Gateway to Dharma
What is Meditation?
Meditation is a time-proven process by which the well-being of the mind is nurtured through the engaging of single-pointed concentration to familiarise one's mind with qualities one wishes to cultivate. All manner of psycho-physical manifestations we come to experience have their origin in our mind. Without the presence of an intention in our mind, no action will ever come to take place. When this action is repeated enough times, a habit is formed and subsequently transforms the characters and the energetic properties of our psycho-physical being to a state that is beyond our conscious awareness. It is principally because of this unconscious energetic state that the rise and fall of conditions we come to experience in our lives are generated into being.
Since the type of mundane consciousness we are familiar with is predominantly the partial cognition of the world based on superficial impressions we glean through our ordinary mind, and not the pure consciousness of the subtle mind which takes its bearing from the cognition of the Ultimate Truth, we end up experiencing recurring bouts of bewilderment and unsatisfactoriness time and again in our lives. In order to effectuate a change of conditions in our lives, we need to identify the exact nature and energetic structure of our own psycho-physical state, and since we are incapable of recognising them while we are being incapacitated by our attachment to the ordinary mind, it is not feasible for anyone who is besieged by such a bewildering state to attain deliverance on their own without assistance from a qualified source of support. Thus, the liberation from psycho-physical suffering requires the presence of four pre-requisites. Namely: the awareness of the severity of their conditions by the sufferer; the willingness of the sufferer to approach a qualified teacher whose function is likened to that of a doctor capable of providing correct diagnosis; the provision of suitable prescription for the condition; and, the implementation of the prescribed treatment by the sufferer.
The preliminary phase of Classical Meditation centres upon the cultivation of mental tranquillity to free the mind and the body from the influences of afflictive views. The elimination of these afflictive influences gives rise to the development of Pristine Insight into the true nature of the Absolute Reality with regard to the cause and effect of individual past, present, and future existence.
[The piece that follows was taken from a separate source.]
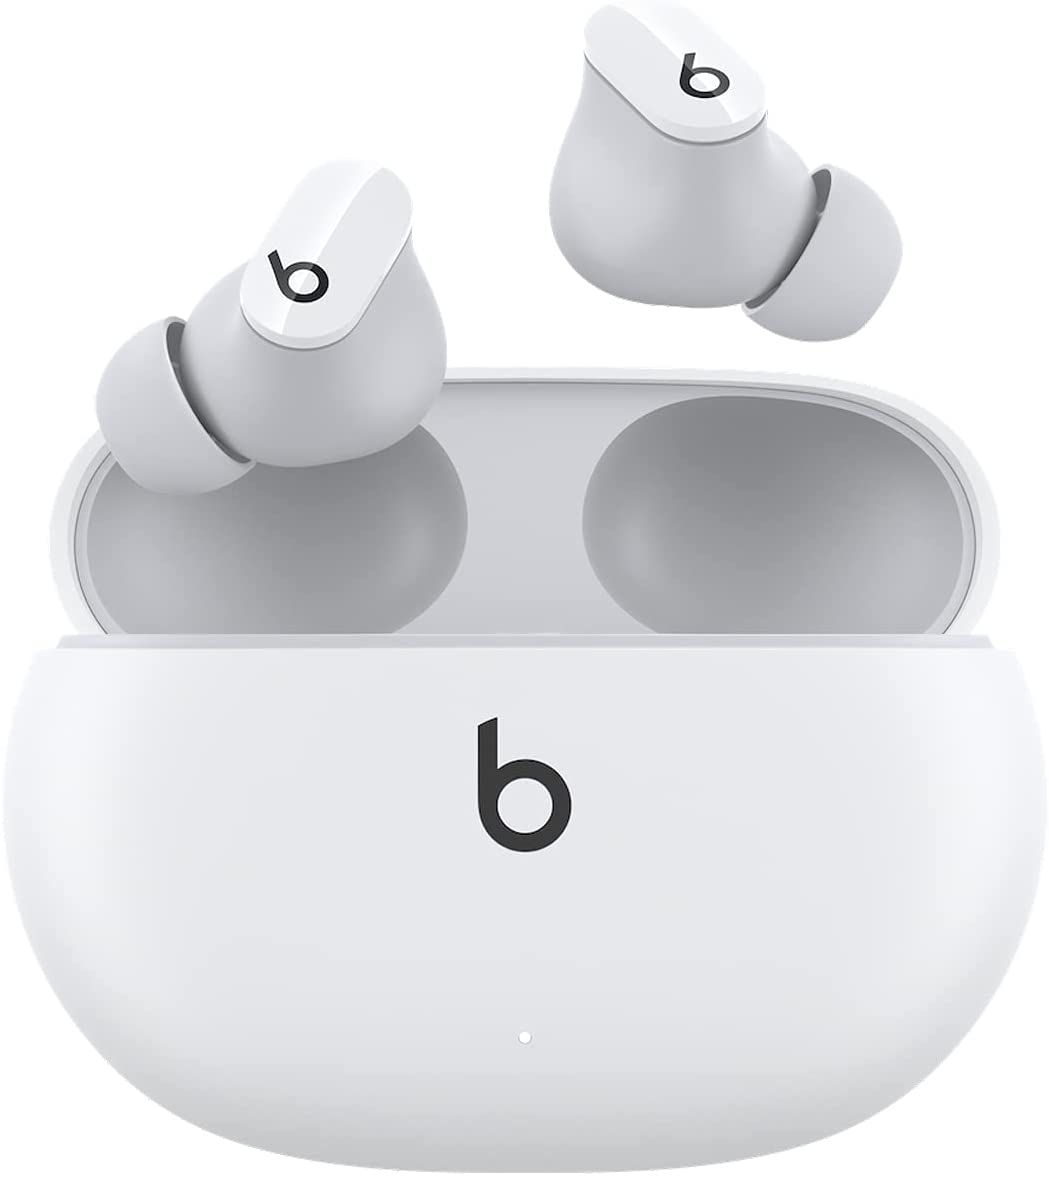 Beats Studio Buds Noise Cancelling Wireless Earbuds - White (New)

When the cognition of all our psycho-physical activities arises through the practising of discriminative discipline and meditative absorption, the nature and energetic properties of our psycho-physical state naturally reconcile with that of the Absolute Reality of All Things, whereby total liberation from all negative states is spontaneously realised, while the wholesomeness of all our true being is rightfully resurrected and restored.
The Classical Path of Dharma Training involves extensive meditative effort to cultivate two types of accumulations: accumulation of merits and accumulation of wisdom. Accumulation of merits is the spiritual undertaking based on the view of the relative truth and the practices of paramitas -generosity, ethical discipline, forbearance, enthusiastic effort, meditative concentration, and discriminating awareness. Accumulation of wisdom is based on the understanding of the ultimate truth comprising insight meditation and cessation of the mind and mental phenomena. The cultivation of the twofold accumulations leads to shunyata (emptiness of non-duality), and ultimately, the realisation of Buddhahood.